We must prove that such a permutation is obtainable if and only if there do not exist indices
$$ i<j<k $$
for which
$$ p_j<p_k<p_i. $$
Thus the forbidden pattern is a subsequence of three entries whose relative order is $3,1,2$.
Solution
First suppose that the permutation $p_1p_2\ldots p_n$ is obtainable by a stack. We shall show that no indices $i<j<k$ can satisfy
$$ p_j<p_k<p_i. $$
Assume the contrary. Let
$$ i<j<k,\qquad p_j<p_k<p_i. $$
Since $p_i$ appears before $p_j$ in the output, the element $p_i$ must be removed from the stack before $p_j$ is removed.
Because
$$ p_j<p_k<p_i, $$
the elements are inserted into the stack in the order
$$ p_j,\ p_k,\ p_i, $$
since the input is $1,2,\ldots,n$.
Consider the moment when $p_i$ is removed from the stack. At that time $p_j$ and $p_k$ have already been inserted, because both are smaller than $p_i$. Furthermore $p_j$ has not yet been removed, since it appears later in the output than $p_i$.
Hence $p_j$ is somewhere below $p_i$ in the stack. Since
$$ p_j<p_k<p_i, $$
the element $p_k$ was inserted after $p_j$ and before $p_i$. Therefore $p_k$ also lies above $p_j$ in the stack when $p_i$ is removed.
After $p_i$ is removed, the stack still contains $p_k$ above $p_j$. A stack removes items in last-in-first-out order, so $p_k$ must be removed before $p_j$. This contradicts the output order
$$ p_i,\ldots,p_j,\ldots,p_k, $$
in which $p_j$ precedes $p_k$.
Therefore no such indices $i<j<k$ exist.
For the converse, assume that the permutation contains no indices $i<j<k$ satisfying
$$ p_j<p_k<p_i. $$
We shall show that the permutation can be produced by a stack.

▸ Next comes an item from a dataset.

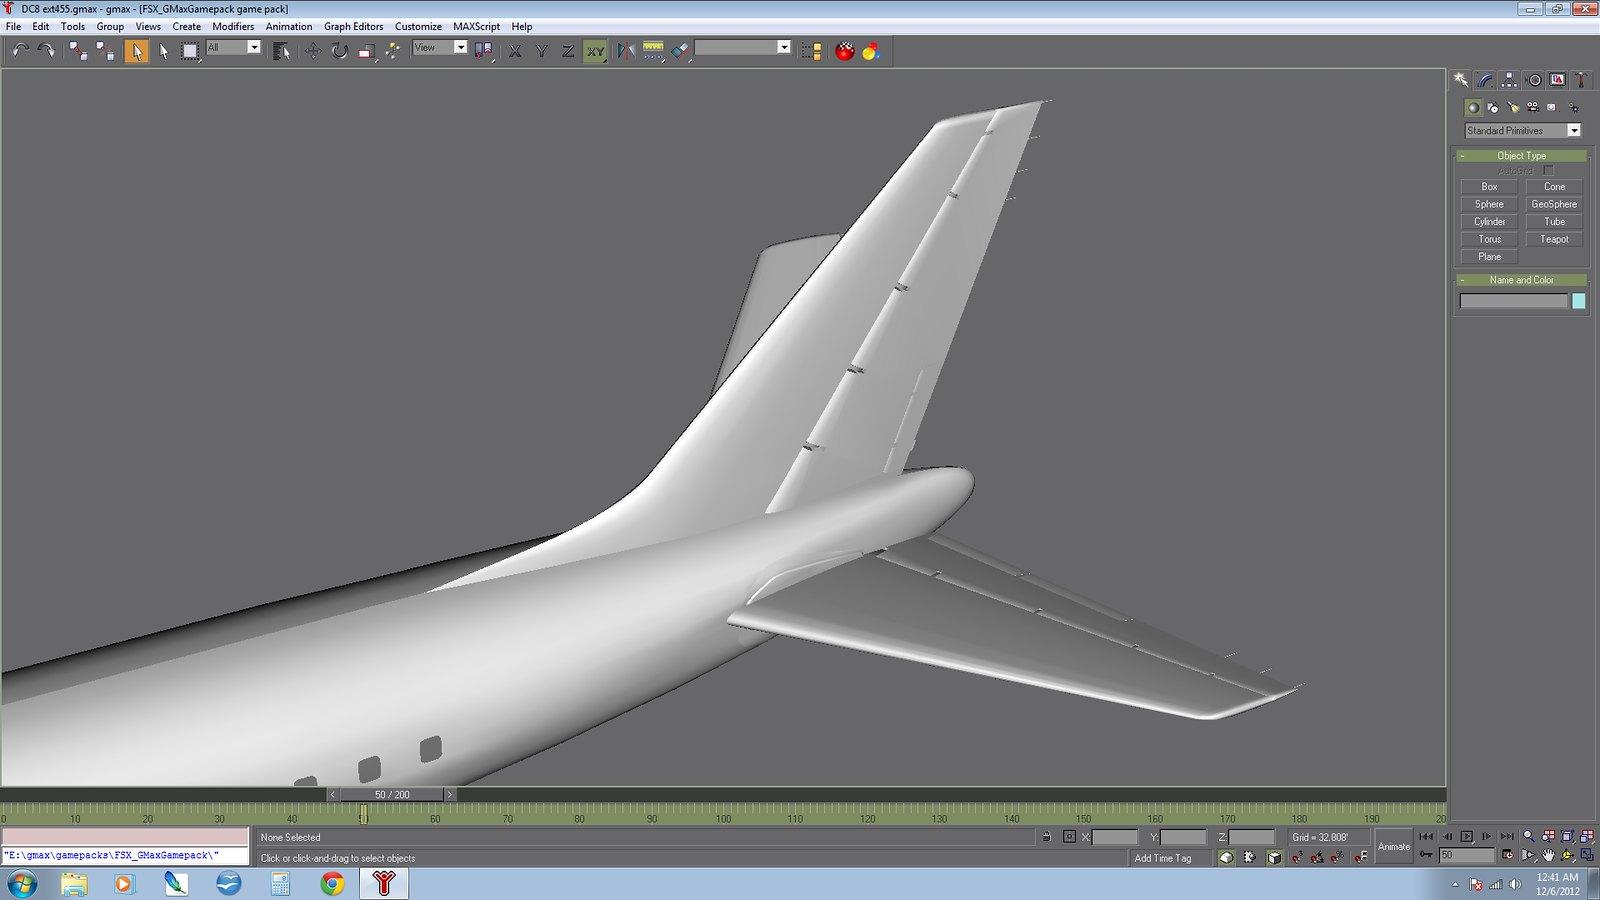 FSX - DC-8 50 series update | FSDeveloper

Process the desired output from left to right. To output $p_r$, insert into the stack all unused input elements up to and including $p_r$, then remove $p_r$ from the top of the stack.
This procedure is forced, since the input arrives in the order $1,2,\ldots,n$.
The only possible difficulty is that, when $p_r$ is to be output, some smaller element might lie above it in the stack. We prove that this cannot happen.
Suppose, to the contrary, that the procedure first fails when attempting to output $p_j$. Then some element $p_k$ lies above $p_j$ in the stack.
Since $p_k$ lies above $p_j$, it was inserted later, hence
$$ p_j<p_k. $$
Since the procedure has not previously failed, $p_k$ has not yet been output. Therefore $p_k$ occurs later in the permutation:
$$ j<k. $$
The element $p_k$ was inserted before the attempt to output $p_j$. Consequently the input has already reached $p_k$, so some earlier output value $p_i$ must satisfy
$$ p_i>p_k. $$
Choose $i$ to be the position at which an element at least as large as $p_k$ was first output. Then
$$ i<j<k, $$
and
$$ p_j<p_k<p_i. $$
This is precisely the forbidden configuration, contrary to hypothesis.
Hence the procedure never fails. Every required element appears on top of the stack when needed, and the permutation is generated successfully.
Therefore every permutation avoiding indices $i<j<k$ with
$$ p_j<p_k<p_i $$
is obtainable by a stack.
Combining the two directions proves the theorem.
This completes the proof.
∎
Verification
For necessity, the key fact is that if
$$ p_j<p_k<p_i, $$
then $p_j$ and $p_k$ must both have entered the stack before $p_i$ enters. Since $p_j$ enters first, $p_k$ remains above $p_j$ after $p_i$ is removed, forcing $p_k$ to leave before $p_j$, contrary to the output order.
For sufficiency, the constructive procedure inserts input elements until the next required output is available. Failure can occur only if a smaller desired element $p_j$ is trapped beneath a larger element $p_k$. Such a situation yields indices
$$ i<j<k,\qquad p_j<p_k<p_i, $$
where $p_i$ is an earlier output that caused $p_k$ to be inserted. Since the hypothesis excludes this pattern, no failure is possible.
Notes
The condition
$$ \text{there do not exist }i<j<k\text{ with }p_j<p_k<p_i $$
characterizes the stack permutations counted in Exercise 4. In modern terminology these are exactly the permutations avoiding the pattern $312$.